|
It's
not Miami Beach, if that's what you were thinking. Nor is it the North Pole.
The coldest place known is inside the Boomerang Nebula. It is in the constellation of
Centaurus, 5000 light-years from Earth. Planetary nebulae form around a bright,
central star when it expels gas in the last stages of its life.
The Boomerang Nebula is one of the Universe's peculiar places. In 1995, using the
15-metre Swedish ESO Submillimetre Telescope in Chile, astronomers Sahai and
Nyman revealed that it is the coldest place in the Universe found so far. With
a temperature of -272°C, it is only one degree warmer than absolute zero (the
lowest limit for all temperatures). Even the -270°C background glow from the
Big Bang is warmer than this nebula. It is the only object found so far that
has a temperature lower than the background radiation.

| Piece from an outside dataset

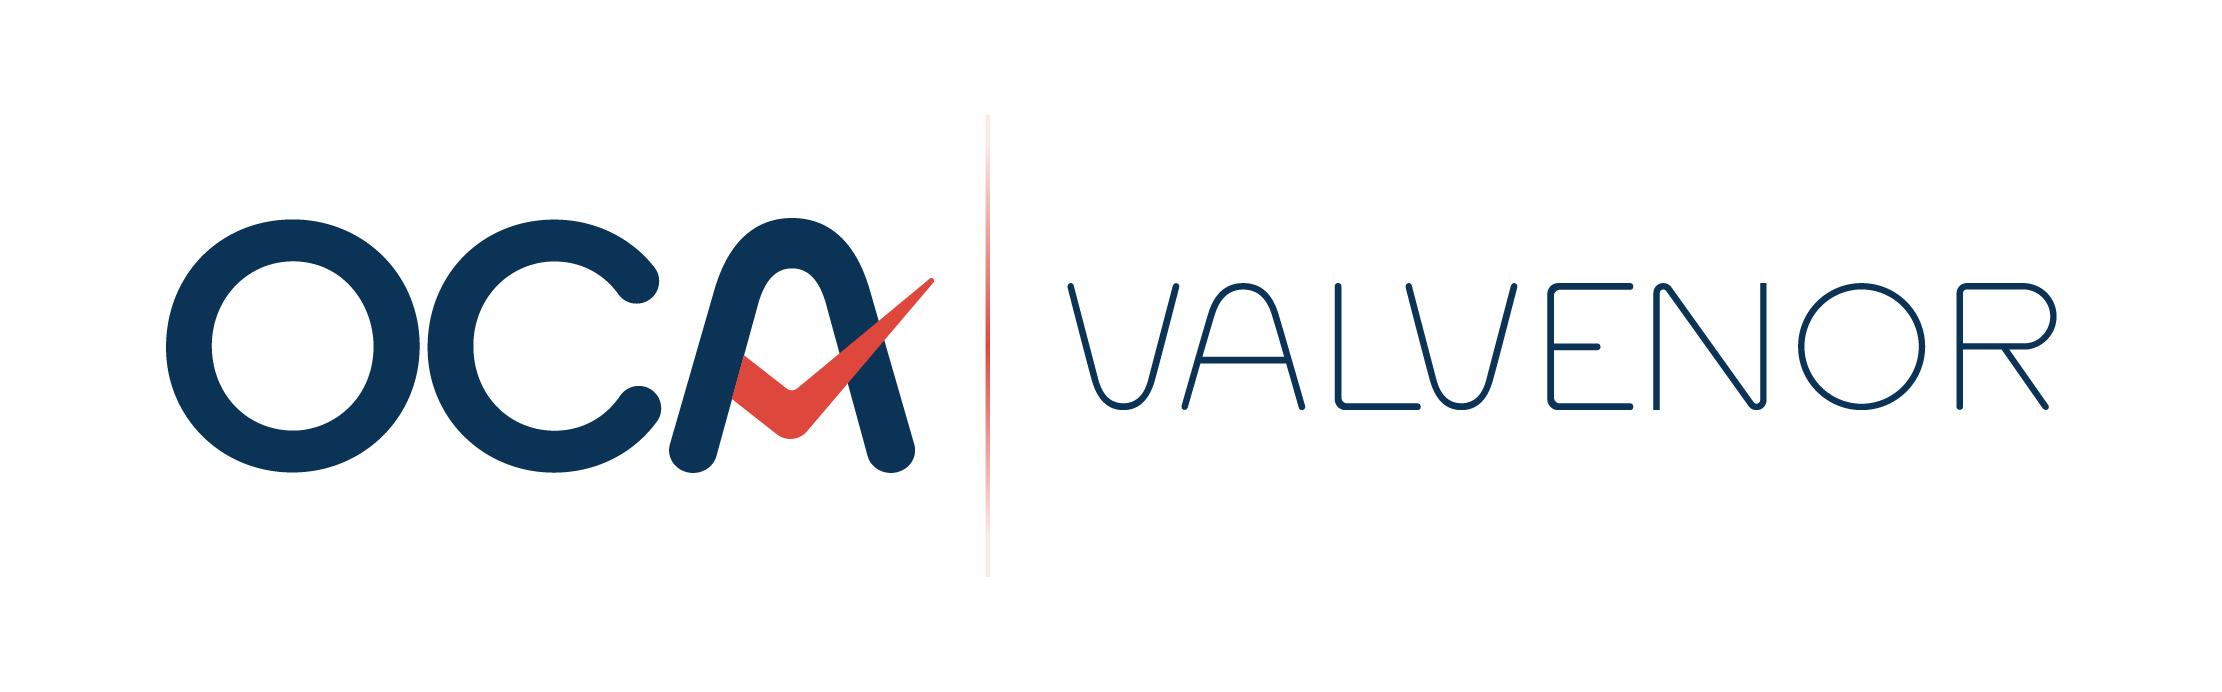 OCA Valvenor

The general bow-tie shape of the Boomerang appears to have been created by a very
fierce wind, some 310,000 mph, blowing ultracold gas away from the dying
central star. The star has been losing as much as one-thousandth of a solar mass
of material per year for 1,500 years, astronomers say. This is 10-100 times
more than in other similar objects. The rapid expansion of the nebula has
enabled it to become the coldest known region in the universe.